If anyone can post a complete sample producing the error every time it is run I will retest.
[12 Feb 2008 3:59] Keith L
Hi there,

I came across this issue after debugging a consistent server hang on my ASP.Net 2.0 website using the 5.0.6.0 version of the MySql.Data.dll. I am not sure if this is resolved or fixed already, but since it is marked as "not repro", perhaps I can offer my findings and someone at MySql can take a look.

So consistent with what many have been saying, if you perform enough ExecuteReader() calls that result in a failure (i.e. an exception is thrown, either because the query was malformed, or that you are creating a conflict such as inserting duplicate keys), eventually, your server application will DEADLOCK.

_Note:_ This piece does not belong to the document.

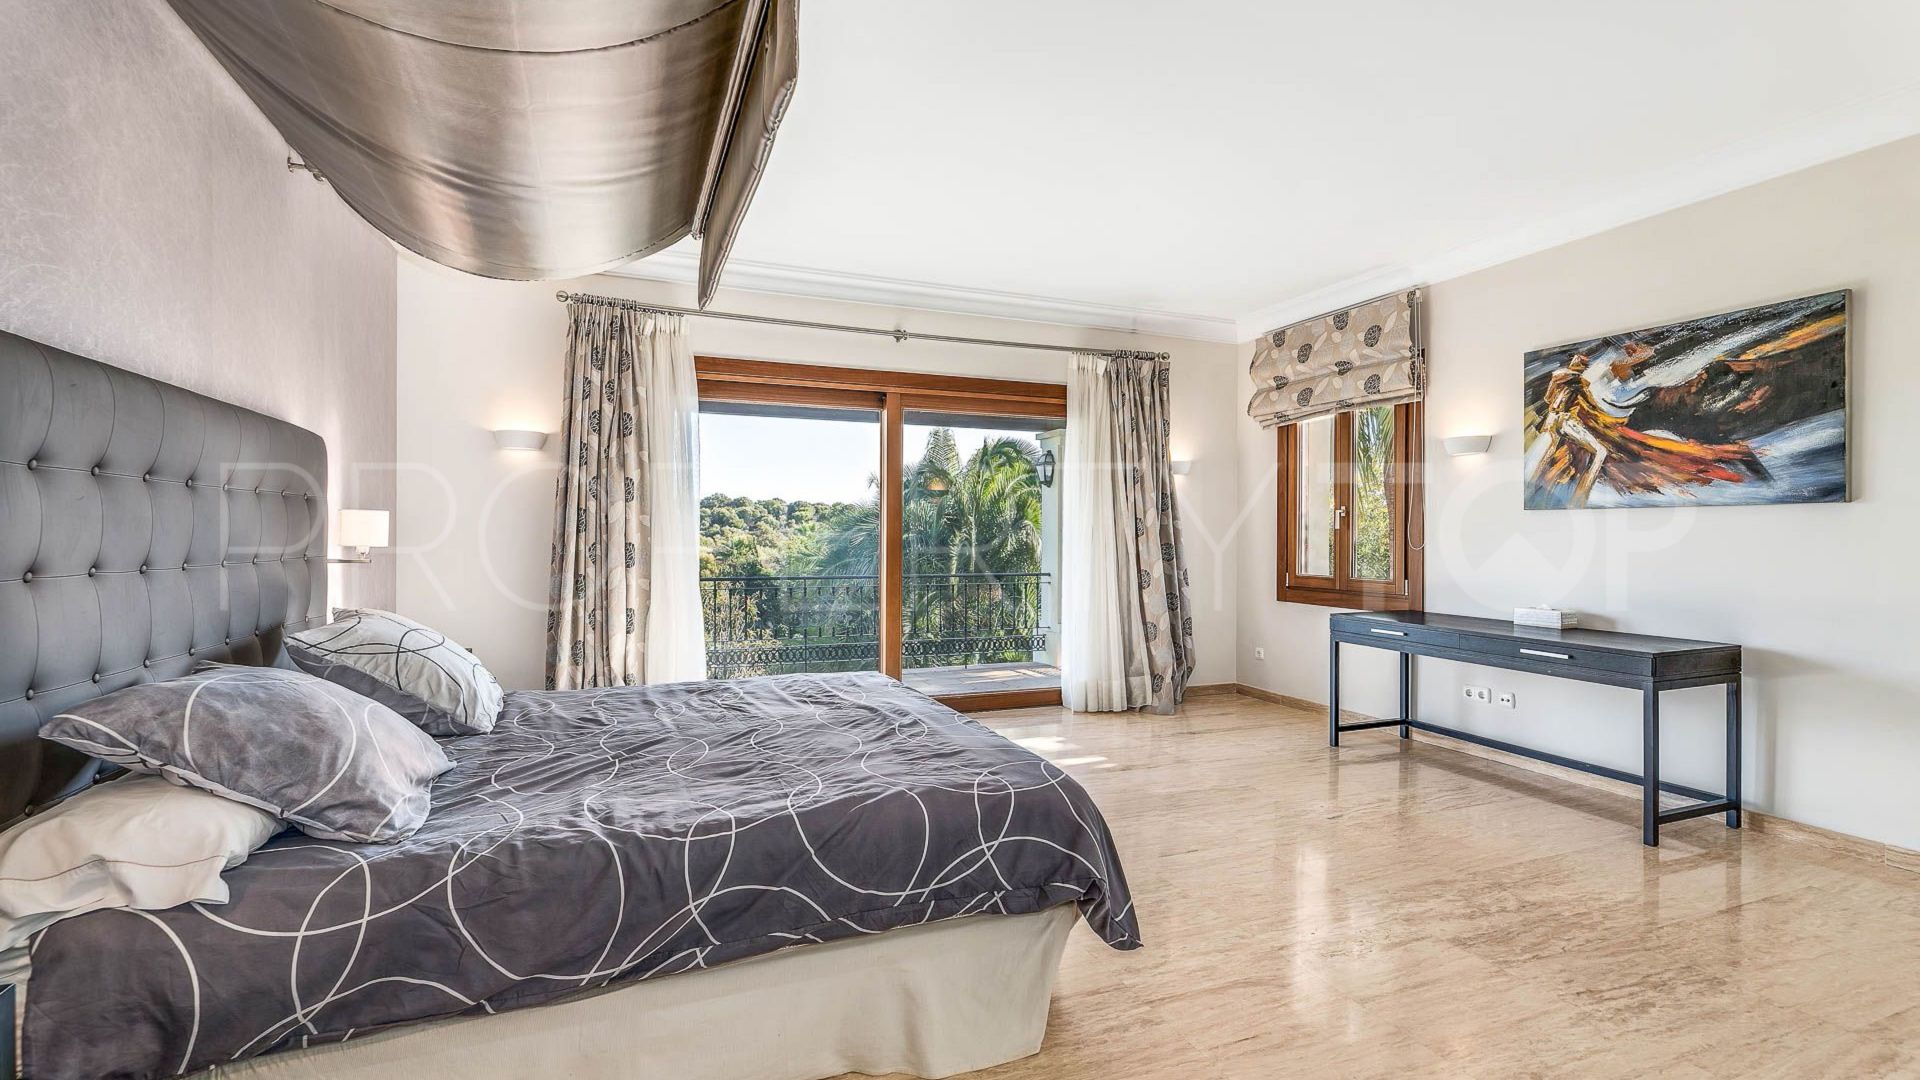 16 bedrooms villa in Altos del Paraiso for sale

This one is quite tricky, but let me start with what I saw on windbg, and then I will point out what I think is the problem code.

I have about 70 threads waiting on DIFFERENT SafeWaitHandles on my server when the deadlock happened. This is most unusual because this type of contention is usually caused by many threads waiting on the same resource (or a circular resource wait). But this time, each thread is waiting on ITS OWN wait object.

All of the worker thread callstacks look like the following:

0:020> !clrstack
OS Thread Id: 0x3a8 (20)
ESP       EIP     
0e4af298 7c8285ec [HelperMethodFrame_1OBJ: 0e4af298] System.Threading.WaitHandle.WaitOneNative(Microsoft.Win32.SafeHandles.SafeWaitHandle, UInt32, Boolean, Boolean)
0e4af344 793b03fe System.Threading.WaitHandle.WaitOne(Int64, Boolean)
0e4af35c 793b0c1b System.Threading.WaitHandle.WaitOne(Int32, Boolean)
0e4af36c 793b044e System.Threading.WaitHandle.WaitOne()
0e4af370 0f68a561 MySql.Data.MySqlClient.MySqlCommand.TimeoutExpired(System.Object)
0e4af384 793af6c6 System.Threading._TimerCallback.TimerCallback_Context(System.Object)
0e4af388 793740ab System.Threading.ExecutionContext.runTryCode(System.Object)
0e4af7a8 79e7c74b [HelperMethodFrame_PROTECTOBJ: 0e4af7a8] System.Runtime.CompilerServices.RuntimeHelpers.ExecuteCodeWithGuaranteedCleanup(TryCode, CleanupCode, System.Object)
0e4af810 79373ff7 System.Threading.ExecutionContext.RunInternal(System.Threading.ExecutionContext, System.Threading.ContextCallback, System.Object)
0e4af828 79373ede System.Threading.ExecutionContext.Run(System.Threading.ExecutionContext, System.Threading.ContextCallback, System.Object)
0e4af840 793af647 System.Threading._TimerCallback.PerformTimerCallback(System.Object)
0e4af9d0 79e7c74b [GCFrame: 0e4af9d0] 
0e4afb1c 79e7c74b [ContextTransitionFrame: 0e4afb1c] 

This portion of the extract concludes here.